The resulting plurality of narrations, i.e. the various perspectives from which the autopoietic structure of experience might be assessed, is the main objective of our conference. We aim to develop the concepts of autopoiesis and narrativity as essentially linked to modern thought from Hegel to Luhmann in order to understand the subjective and objective structures of human thought from varieties of perspectives in various fields of experience, including the social and exact sciences, art, didactics, etc. As self-reflective enterprises, they are all working with the narrative structures of texts or media, written literature, and corresponding canons.
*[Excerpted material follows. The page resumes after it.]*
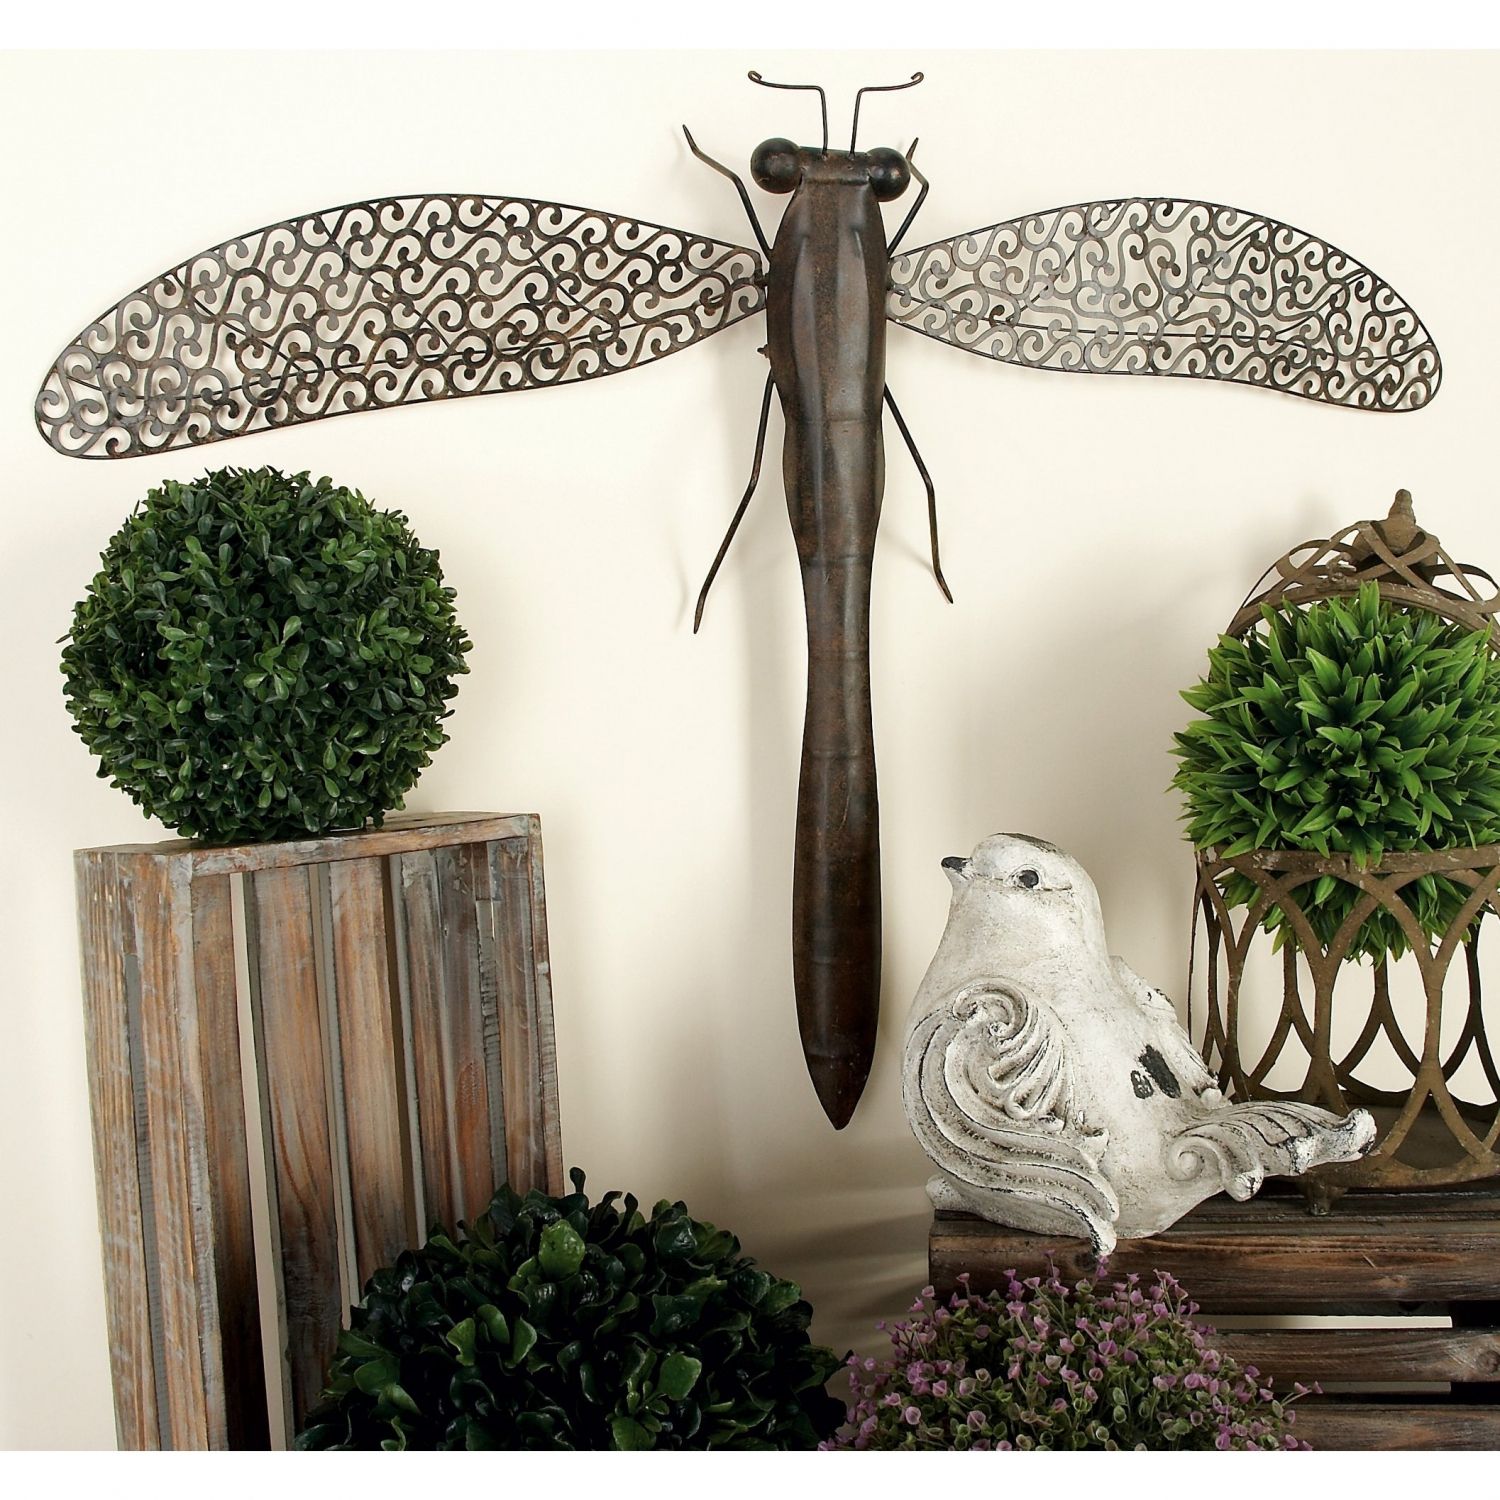 Large Metal Dragonfly Wall Art Sculpture Figurine Indoor/outdoor Rust Throughout Most Popular Dragonflies Wall Art (View 11 of 20)

The conference will be divided into four sections corresponding to the following four perspectives:
A) Theoretical Background
In this section, the participants are welcome to reflect upon the theoretical backgrounds of autopoiesis. Papers dealing with the relation of self-reflexivity, autopoiesis, and narrativity are welcome. Authors may focus on the key concepts linked to autopoiesis and reflexivity, such as difference, paradox, complexity, self-observation, narrativity, or Bildung, among others.
B) Institution and State
Authors may relate to the concept of self-reflexivity, autopoiesis and operational closure to modern (or contemporary) phenomena, such as the emergence of the market and public sphere, modern political structures and conflicts and crisis arising thereof. Papers dealing with the concept of self-reflective modernity and the educational system are equally welcome.
C) Narrativity and Art
Participants may reflect upon the concept of narrativity and self-reflexivity as related to literary genres, music, fine arts, and architecture. They are welcome to reflect upon the status of art in modernity and may elaborate on the meaning and relevance of what has been coined as the ‘death of art’ in modernity.
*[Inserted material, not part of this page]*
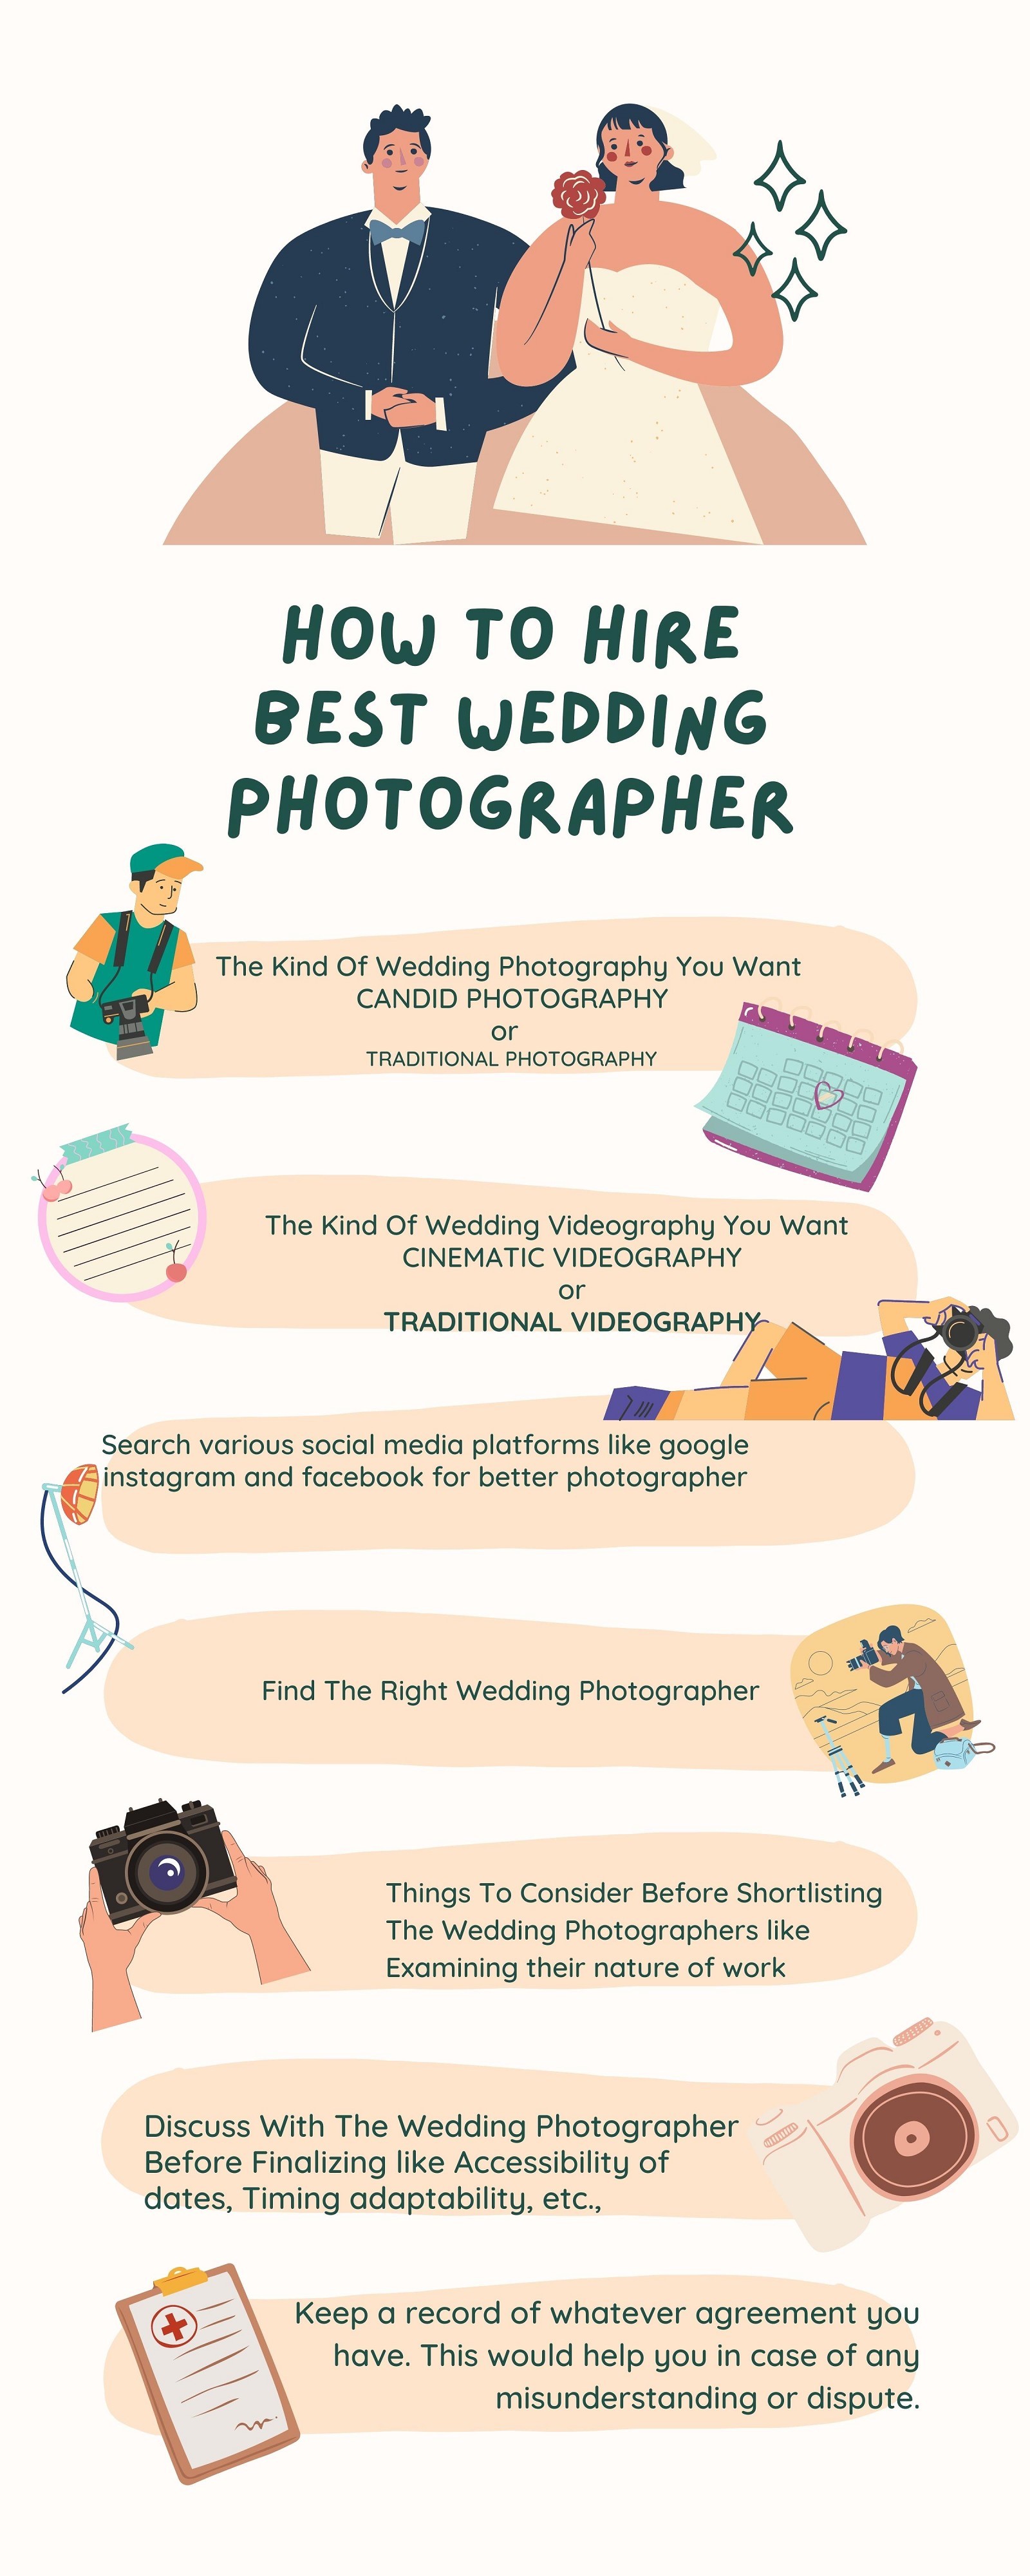 How to hire best wedding photographer

D) Religion, Modernity, and Self-Reflexivity
Those interested in contributing to the section of religion might reflect upon the concept of myth in contemporary culture and its connection to the concept of narrativity. A broad spectrum of possible topics opens up when taking into consideration the status of modern religion and secularization. Participants may as well want to reflect on the concept of self-reflexivity, identity, and religious conflicts.
Paper proposals may be sent until May 20, 2019 to the following e-mail address: firstname.lastname@example.org. The conference committee will issue acceptance/refusal notification by June 17, 2019. Paper proposals should include a title, an abstract (500 words, please indicate the section), affiliation, e-mail address, and phone number. Paper presentations will have a maximum duration of 30 minutes. The conference language will be English. Selected conference papers are to be published in a collected volume.
Program Committee: Vojtěch Kolman, Tereza Matějčková, Pirmin Stekeler-Weithofer, Eva Voldřichová-Beránková
Organizational Committee: Tomáš Hanzal, Matěj Veselský
The organization of the conference is supported by
The European Regional Development Fund-Project “Creativity and Adaptability as Conditions of the Success of Europe in an Interrelated World” (No. CZ.02.1.01/0.0/0.0/16_019/0000734).